Too many open files exception even after raising the open file limit

All,

I'm aware of the known issue with the limit of file descriptors, so
when I first got this issue I upped the limit. I kept getting the
exception, so I kept upping it. As an example, here is what ulimit -a
returns:

core file size (blocks, -c) 0
data seg size (kbytes, -d) unlimited
scheduling priority (-e) 20
file size (blocks, -f) unlimited
pending signals (-i) 16382
max locked memory (kbytes, -l) 64
max memory size (kbytes, -m) unlimited
open files (-n) 100000
pipe size (512 bytes, -p) 8
POSIX message queues (bytes, -q) 819200
real-time priority (-r) 0
stack size (kbytes, -s) 8192
cpu time (seconds, -t) unlimited
max user processes (-u) unlimited
virtual memory (kbytes, -v) unlimited
file locks (-x) unlimited

I've even tried cranking it up to 300K, and I still get the following
error:

  1. Error injecting constructor, java.io.IOException: directory '/opt/
    elasticsearch-0.15.2/data/elasticsearch/nodes/0/indices/account_26/0/
    index' exists and is a directory, but cannot be listed: list()
    returned null
    at
    org.elasticsearch.index.store.fs.NioFsStore.(NioFsStore.java:50)
    while locating org.elasticsearch.index.store.fs.NioFsStore
    at
    org.elasticsearch.index.store.StoreModule.configure(StoreModule.java:

while locating org.elasticsearch.index.store.Store
for parameter 3 at
org.elasticsearch.index.shard.service.InternalIndexShard.(InternalIndexShard.java:
108)
while locating
org.elasticsearch.index.shard.service.InternalIndexShard
at
org.elasticsearch.index.shard.IndexShardModule.configure(IndexShardModule.java:
39)
while locating org.elasticsearch.index.shard.service.IndexShard
for parameter 3 at
org.elasticsearch.index.gateway.IndexShardGatewayService.(IndexShardGatewayService.java:
74)
at
org.elasticsearch.index.gateway.IndexShardGatewayModule.configure(IndexShardGatewayModule.java:
40)
while locating
org.elasticsearch.index.gateway.IndexShardGatewayService

Or sometimes the 'too many open files exception'. Once this happens,
the cluster is dead. I have to stop the process, delete the data
directory, and restart it. Once I try indexing again, I get the same
error, at the same record count. This is only about 80K records, with
a small fraction of the number of fields I will likely eventually
need, so it seems like it should be fine. Also, lsof | wc - l is
showing a reasonable number (less than 10k) so I'm at a loss.

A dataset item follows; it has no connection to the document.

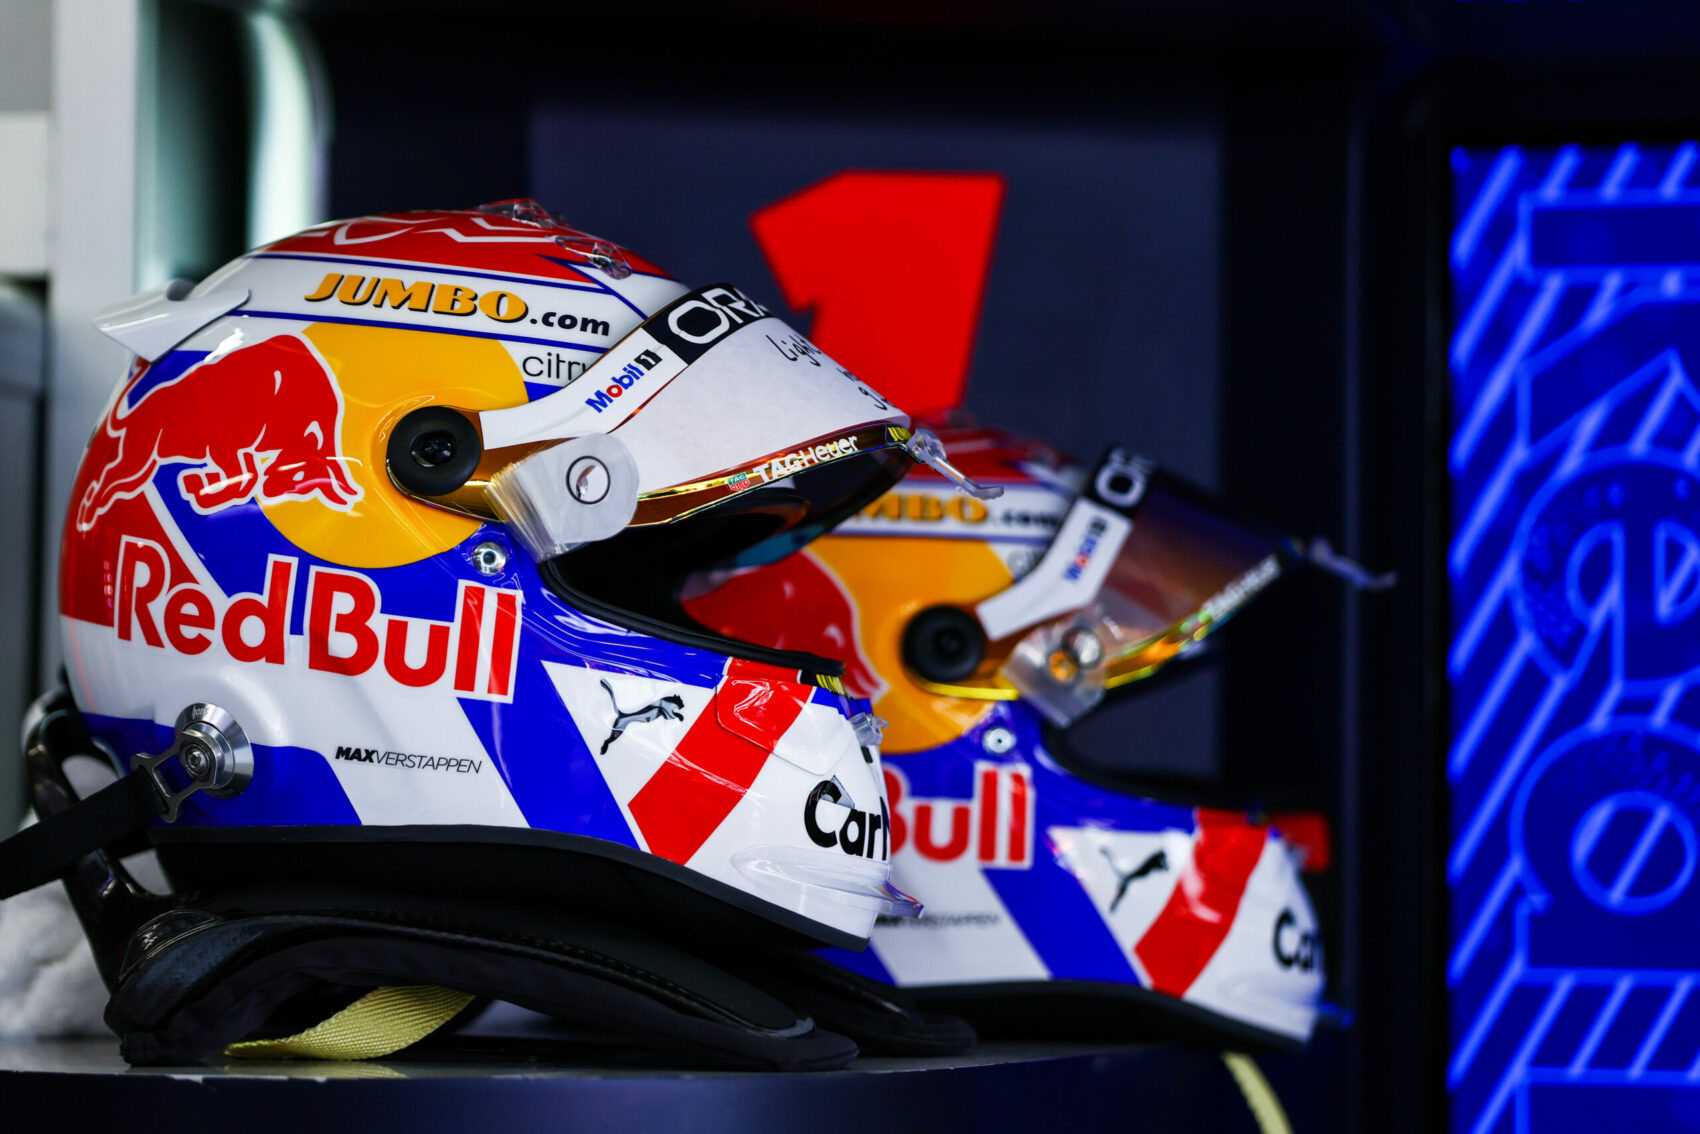 Max Verstappen, sisak, Holland Nagydíj, Red Bull Racing, Jumbo

What's even more weird is that when I run elasticsearch as a local
node 'inter process' (In the same jvm rather than starting it in a
separate jvm) I am able to index the same number of records without
any issues. I'm using Ubuntu, is there some kind of limit somewhere
else I'm missing? I'm at a bit of a loss.

Thanks in advance,

Lucas

Make sure that the increased open file limit actually applies to the elasticsearch process you start. You can start the script with a flag that logs the number of files ES can open on startup:

bin/elasticsearch -Des.max-open-files=true -f

On Saturday, May 28, 2011 at 3:42 AM, Lucas wrote:

All,

I'm aware of the known issue with the limit of file descriptors, so
when I first got this issue I upped the limit. I kept getting the
exception, so I kept upping it. As an example, here is what ulimit -a
returns:

core file size (blocks, -c) 0
data seg size (kbytes, -d) unlimited
scheduling priority (-e) 20
file size (blocks, -f) unlimited
pending signals (-i) 16382
max locked memory (kbytes, -l) 64
max memory size (kbytes, -m) unlimited
open files (-n) 100000
pipe size (512 bytes, -p) 8
POSIX message queues (bytes, -q) 819200
real-time priority (-r) 0
stack size (kbytes, -s) 8192
cpu time (seconds, -t) unlimited
max user processes (-u) unlimited
virtual memory (kbytes, -v) unlimited
file locks (-x) unlimited

I've even tried cranking it up to 300K, and I still get the following
error:

  1. Error injecting constructor, java.io.IOException: directory '/opt/
    elasticsearch-0.15.2/data/elasticsearch/nodes/0/indices/account_26/0/
    index' exists and is a directory, but cannot be listed: list()
    returned null
    at
    org.elasticsearch.index.store.fs.NioFsStore.(NioFsStore.java:50)
    while locating org.elasticsearch.index.store.fs.NioFsStore
    at
    org.elasticsearch.index.store.StoreModule.configure(StoreModule.java:

while locating org.elasticsearch.index.store.Store
for parameter 3 at
org.elasticsearch.index.shard.service.InternalIndexShard.(InternalIndexShard.java:
108)
while locating
org.elasticsearch.index.shard.service.InternalIndexShard
at
org.elasticsearch.index.shard.IndexShardModule.configure(IndexShardModule.java:
39)
while locating org.elasticsearch.index.shard.service.IndexShard
for parameter 3 at
org.elasticsearch.index.gateway.IndexShardGatewayService.(IndexShardGatewayService.java:
74)
at
org.elasticsearch.index.gateway.IndexShardGatewayModule.configure(IndexShardGatewayModule.java:
40)
while locating
org.elasticsearch.index.gateway.IndexShardGatewayService

Or sometimes the 'too many open files exception'. Once this happens,
the cluster is dead. I have to stop the process, delete the data
directory, and restart it. Once I try indexing again, I get the same
error, at the same record count. This is only about 80K records, with
a small fraction of the number of fields I will likely eventually
need, so it seems like it should be fine. Also, lsof | wc - l is
showing a reasonable number (less than 10k) so I'm at a loss.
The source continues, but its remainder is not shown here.